A BRIEF BIOGRAPHY OF RUDY, W6OWI
Thanks to Jean, Rudy's Daughter, for this biography

Rudolph Bahr Jr. (Rudy) was born on June 19, 1923 in Brooklyn and passed peacefully on May 11, 2021 in the house he had owned in Mountain View since 1957.  He grew up in New York, graduating from Brooklyn Tech HS in 1941 and from Stevens Institute of Technology (Hoboken NJ) in 1945.

He was commissioned into the Navy in the summer of 1945 (having been a member of the naval reserve starting in early 1942 (during college) and spent about a year on active duty travelling to San Francisco, Hawaii, Kwajalein and Guam.

Following his discharge from active duty he joined Sylvania-Bayside Physics Lab in NY working on transmitter design, participating in field engineering at White Sands NM, and developing a 40 MCIIF amplifier using printed circuit techniques (which I gather were a new thing then as he presented papers on that work at a couple of IEEE conventions). In 1952 he joined Bell Labs as a technical staff member.

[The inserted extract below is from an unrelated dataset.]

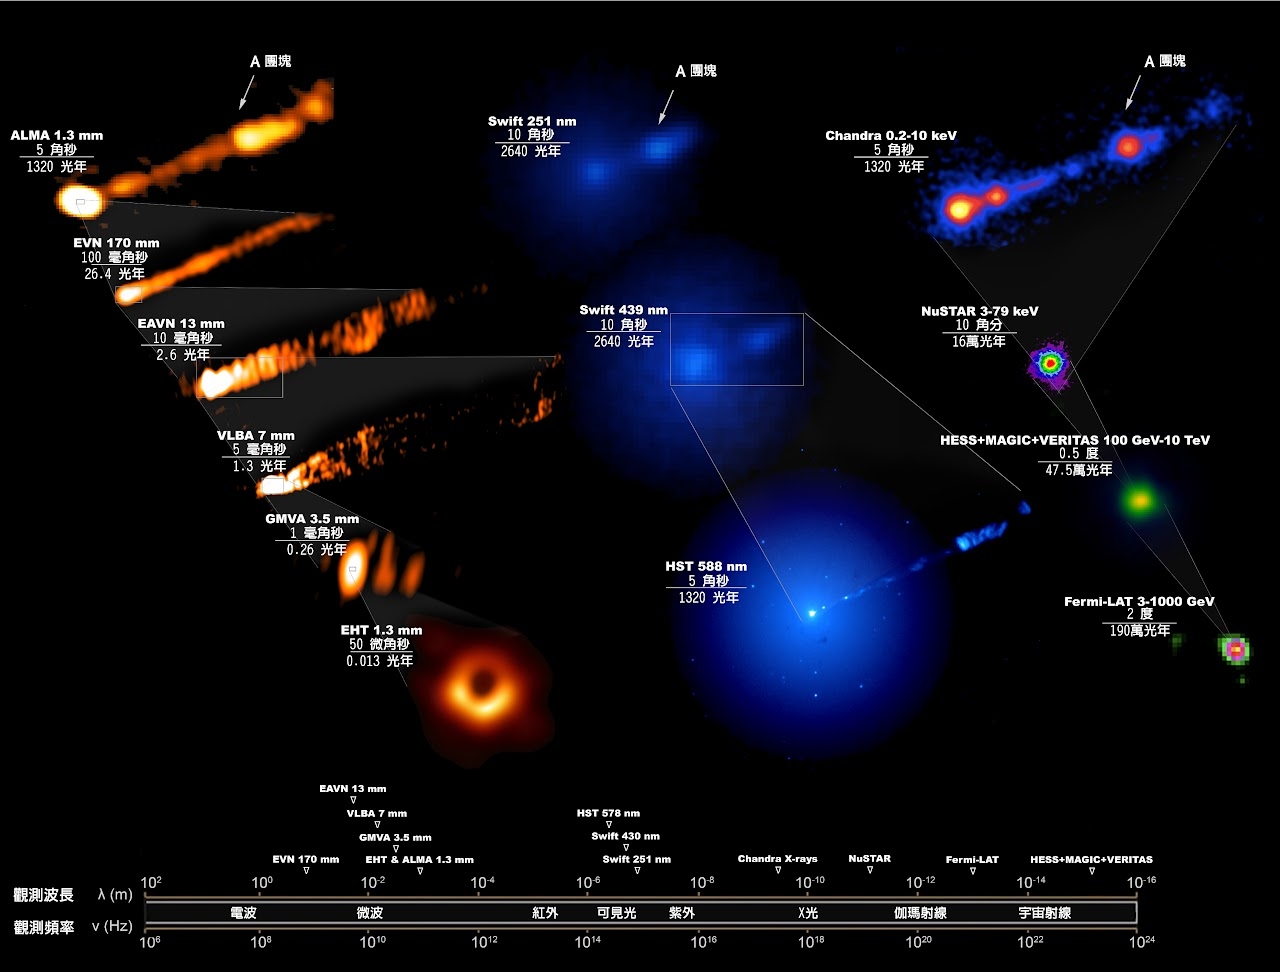 图片为 M87 黑洞的多波段影像。 EHT 拍到黑洞事件视界附近的「甜甜圈」影像，而其他波段的望远镜则拍到黑洞附近狭长而笔直的喷流。资料来源│中研院天文所

He married Jane Watkins in 1953 and their daughter Jean was born almost a year later in 1954. Rudy returned to Sylvania in 1955 when he was offered the chance to move to the Bay Area.  He had fallen in love with California during his short stay courtesy of the Navy in 1945.  He continued with Sylvania (which later became GTE, then Verizon/General Dynamics) until his retirement in 1993.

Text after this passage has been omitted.